Jerome Oberlton, the former chief information officer for the Baltimore City school system whose office renovation and credit card expenditures came under fire in the months before he left his post to work in the Dallas school district, is expected to face a federal indictment, according to the Dallas Morning News.

The Morning News reported this week that Oberlton resigned as chief of staff for the Dallas Independent School District, telling the district's Superintendent Mike Miles that he expected to face a federal indictment for activity he conducted when he worked for the Atlanta Public Schools.

The Morning News reported that the indictment is not expected to be related to Atlanta's widespread cheating scandal that led to the indictment of dozens of educators in the district, including its former superintendent.

Oberlton came to Baltimore from the private sector in March 2011, and his introduction to the district included high praise for his career in information technology, as a consultant in large, urban school systems and heading up the IT department in the Atlanta school system.  

Of his work in Atlanta, the city school system said: "As chief information technology officer for Atlanta Public Schools, Mr. Oberlton adapted the district's 109 schools to make the most of 21st century technology while transforming the IT department into a customer-centric, process-oriented solution center focused on improving overall district productivity and cutting district costs."

He left Baltimore in January to head to Dallas.
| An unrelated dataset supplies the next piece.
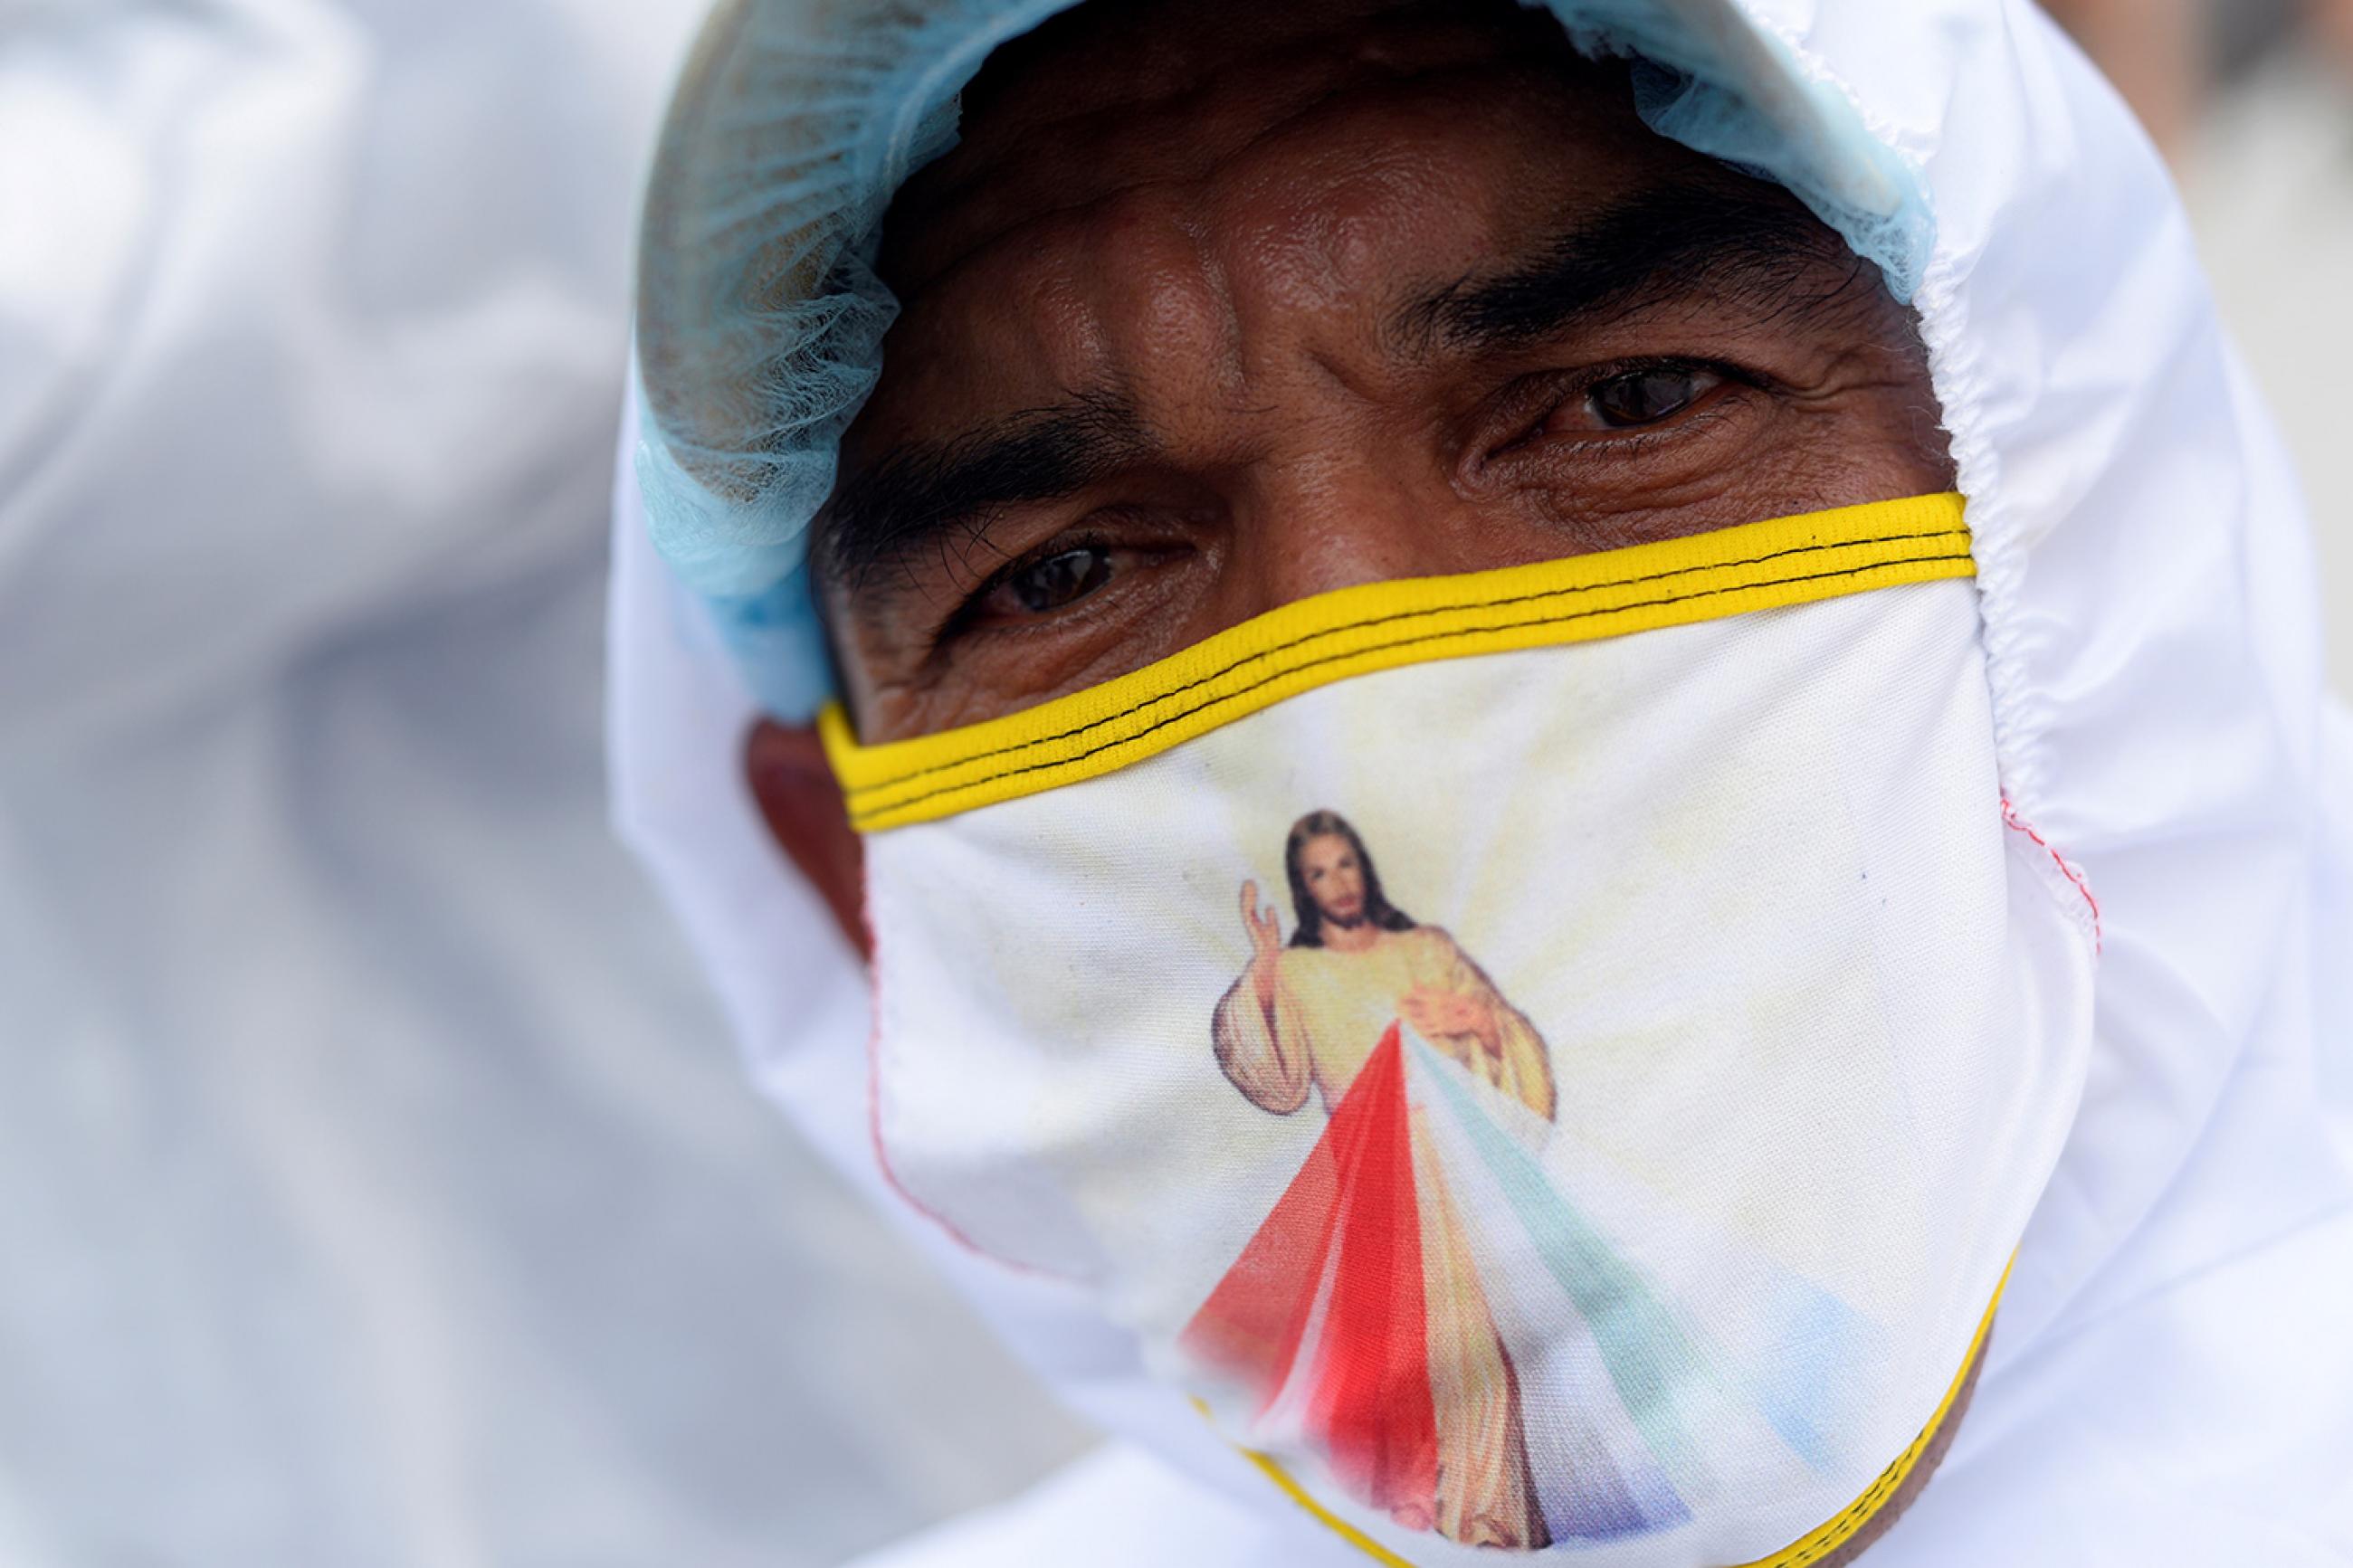 A funeral worker wears a face mask with an illustration of Jesus, outside Los Ceibos hospital amid the outbreak of the coronavirus disease (COVID-19), in Guayaquil, Ecuador, on April 15, 2020. The photo shows the worker in protective head covering and mask. on his mask is an image of Jesus with a rainbow colors on his robe. REUTERS/Santiago Arcos

In a statement to the Dallas Morning News, Miles (Dallas Superintendent) said:

"I was profoundly shocked and disappointed when I was told of the allegations. When I learned of the seriousness of this issue yesterday, I immediately requested Mr. Oberlton's resignation. I was shocked because the district conducted a thorough background and credit check including interviews with his most recent employer. My disappointment is accompanied by anger because Jerome did not inform us about his involvement in this investigation until yesterday."

In his nearly two year stint in Baltimore, Oberlton came under fire after two Baltimore Sun investigations found questionable spending in his office.

The first was $250,000 used to outfit Oberlton's executive suite, at the same time the district was lobbying lawmakers for billions of dollars to fix the system's crumbling school buildings. City schools officials called the renovation, "a bad judgment call."

Months later, amid a Sun investigation into the district's credit card spending, the school district forced Oberlton to cut a $5,000 personal check to pay back credit card expenditures incurred by his office, that included trips to retail stores such as Bath & Body Works, Ross and Walmart to buy snacks and refreshments, and gifts and decorations for holiday banquets, birthdays and baby shower celebrations. Other charges that came under fire included a $7,300 retreat, a $500 dinner at the Inner Harbor's Fogo de Chao, and a $500 quarterly meeting for staff at Paradise Indian Cuisine.

Shortly after he began his stint in Dallas, Oberlton addressed the Baltimore controversies in the Dallas Morning News. Of the renovations, Oberlton said: "From a timing perspective, it was an error in judgment. A huge lesson learned for me.”